Jan Zábrana

Jan Zábrana (4 July 1931, in Herálec (Havlíčkův Brod District) – 3 September 1984, in Prague) was a Czech writer and translator.[1]

His parents were teachers and politicians persecuted by the communist regime after the communist revolution of 1948: his mother, a member of the regional parliament, was arrested and sentenced to 18 years in prison; his father, mayor of Humpolec before the communist coup, was also sentenced to 10 years in prison. All property of the Zábrana family was confiscated when Zábrana was nineteen. University studies were prohibited to non-communists, so he tried to study in a Catholic school for priests, but this was prohibited, also.

From 1952-53, Zábrana worked in the Tatra Smíchov tram factory in Prague, and the following year in an enamel factory in Radotín, and wrote poems and short stories (published after the fall of the communist regime in 1989 in the book Sedm povídek). At this time he met many writers, both his elders (Vladimír Holan, Jiří Kolář) and his peers Václav Havel, Josef Škvorecký, Bohumil Hrabal). From 1954, he worked full-time as a translator and became one of the best Czech translators of 20th century. His interest focused mainly on Russian and American literature, including Aksjonov, Ivan Bunin, Cvetajeva, Mandelstam, Pasternak, Babel, and Platonov; and Allen Ginsberg, Graham Greene, Sylvia Plath, Wallace Stevens, Ferlinghetti, Ezra Pound, and Gregory Corso.

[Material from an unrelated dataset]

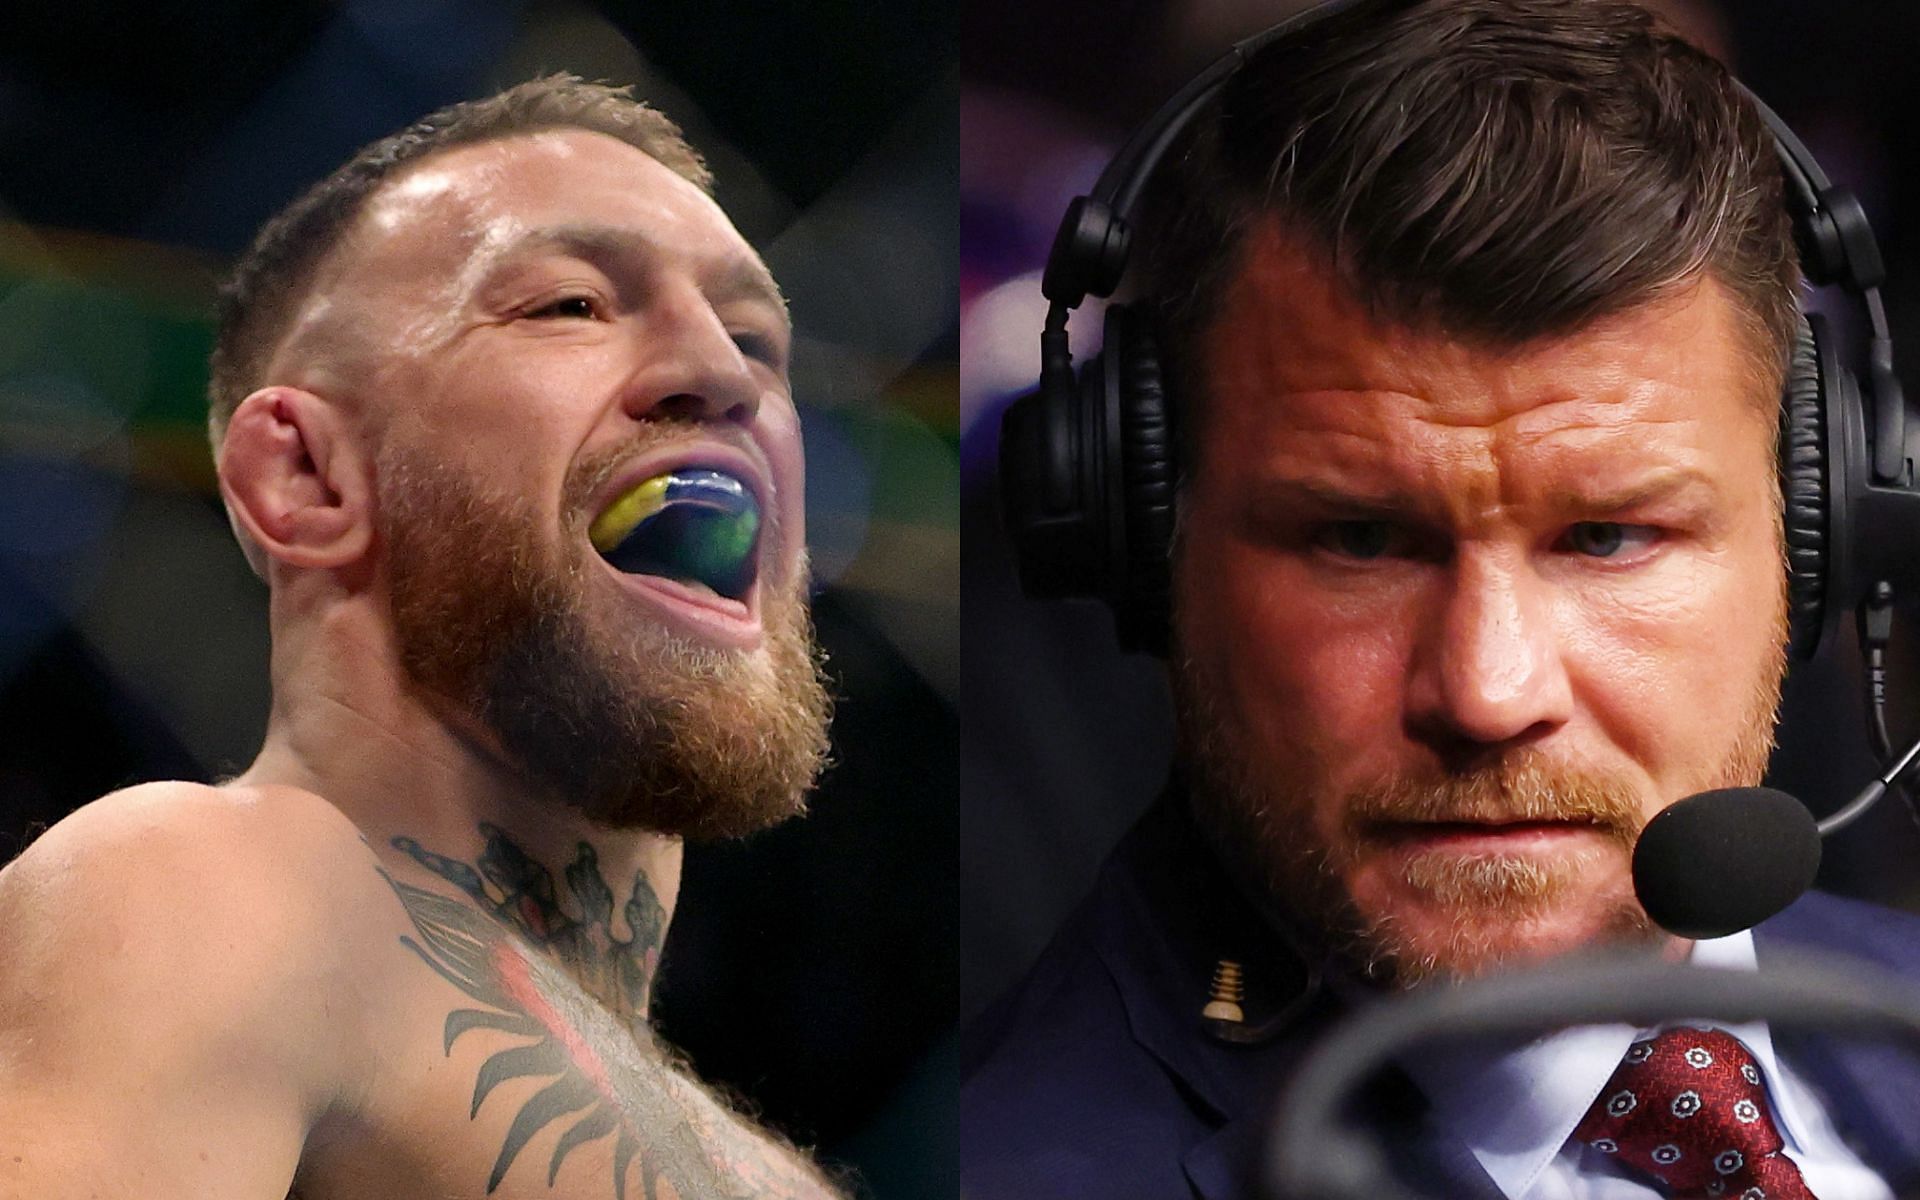 Conor McGregor (left), Michael Bisping (right)

Zábrana also wrote many afterwords to his translations and these were published in Potkat básníka in 1989. Apart from three years during the 1960s when he published three collections (Utkvělé černé ikony 1965, Lynč 1968 and Stránky z deníku 1968), he published no original poetry in his lifetime. He wrote three detective stories (with Josef Škvorecký), and one novel for children. In the normalization period of the 1970s, later in the 1980s, he wrote poetry and continued with his diaries, published in 1992 under the title Celý život (A Whole Life).

References

  1. "Jan Zábrana" (in Czech). Slovník české literatury po r. 1945. Retrieved 16 May 2011.